赵延玉换上使臣官服,手持那杆旌节,带着五十名精挑细选的月朝护卫,在迦陵复杂难言的目光和众人忧心忡忡的注视下,毅然打开了王宫西门。

她没有隐藏行踪,大摇大摆地走到宫墙一侧站定。

士兵在她身后,齐声高呼:“月朝使者在此!请赤喉国赫连首领出来一见!”

宫墙外众人被这突如其来的喊话弄得一愣,很快,消息飞报中军。

赤喉首领,赫然铁树闻言嗤笑一声:“月朝使者?呵,倒是有点胆色,死到临头还敢出来叫阵?不过是个文弱书生,仗着使臣身份罢了。摩罗,你看呢?”

摩罗眼珠一转,恻笑道:“首领,月朝富庶,这使者想必携有珍宝。且其身份特殊,若能生擒,或可向月朝勒索更多财物,甚至以此为质,逼月朝承认您入主琉音,岂不美哉?”

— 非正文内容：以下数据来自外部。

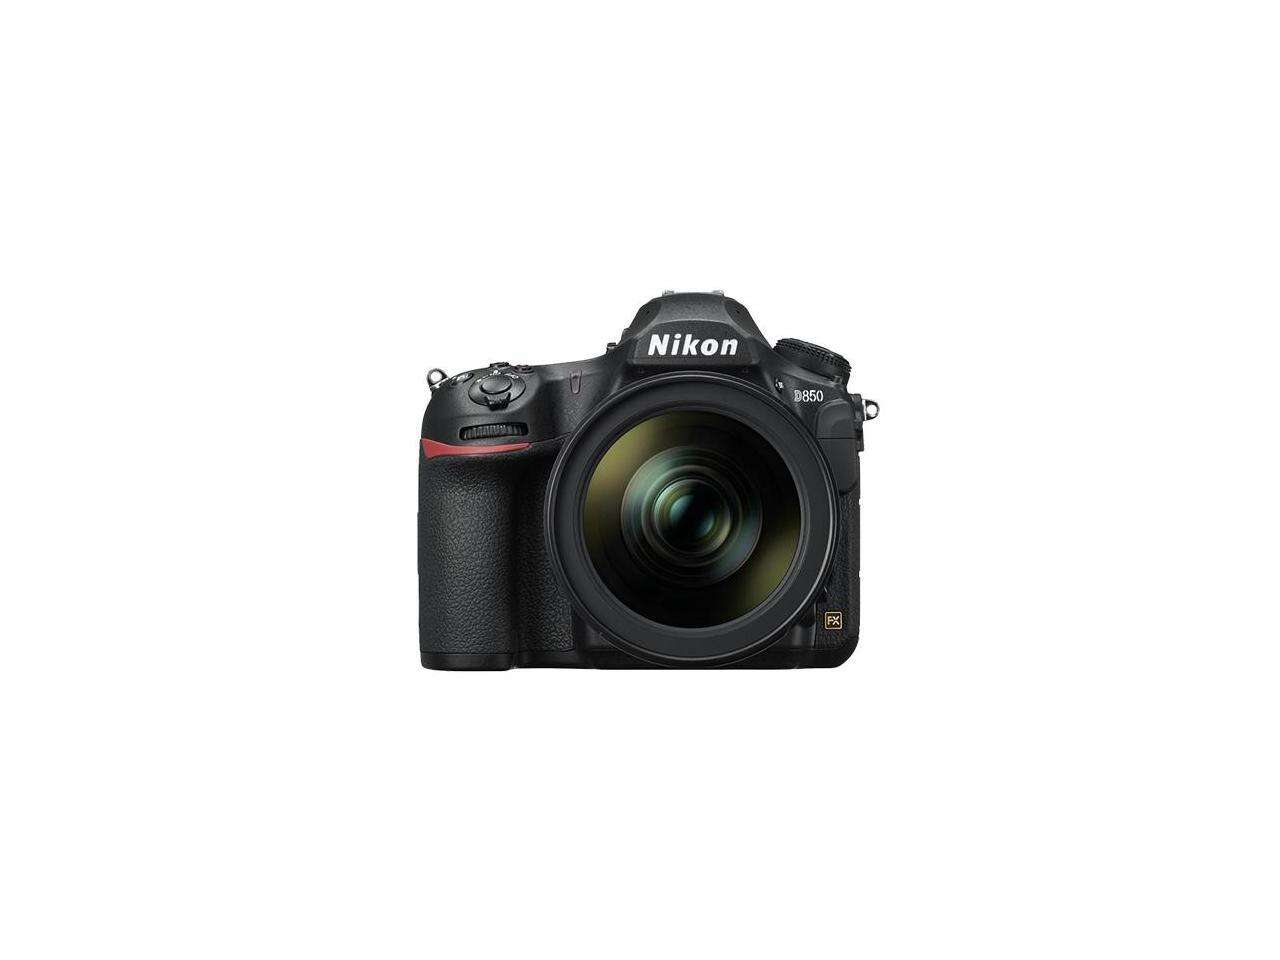 Nikon D850 FX-format 45.7MP Digital SLR Camera with 24-120mm f/4G ED VR Lens

赫连铁树贪婪之心大动,“有理!走,去看看这月使耍什么花样!”

两人在一众亲卫簇拥下,来到阵前。

只见不远处,一名绯袍女子持节而立,虽衣衫染尘,形容略显狼狈,但自有一股不容忽视的气度。

赫连铁树打量几眼,扬声道:“本首领在此!你有何话讲?”

赵延玉朗声道:“赫连首领!琉音内乱,乃贵国与琉音之事,我月朝身为外邦,本不欲干涉。然我奉我主皇帝之命出使在此,身负国书,更有护卫随行。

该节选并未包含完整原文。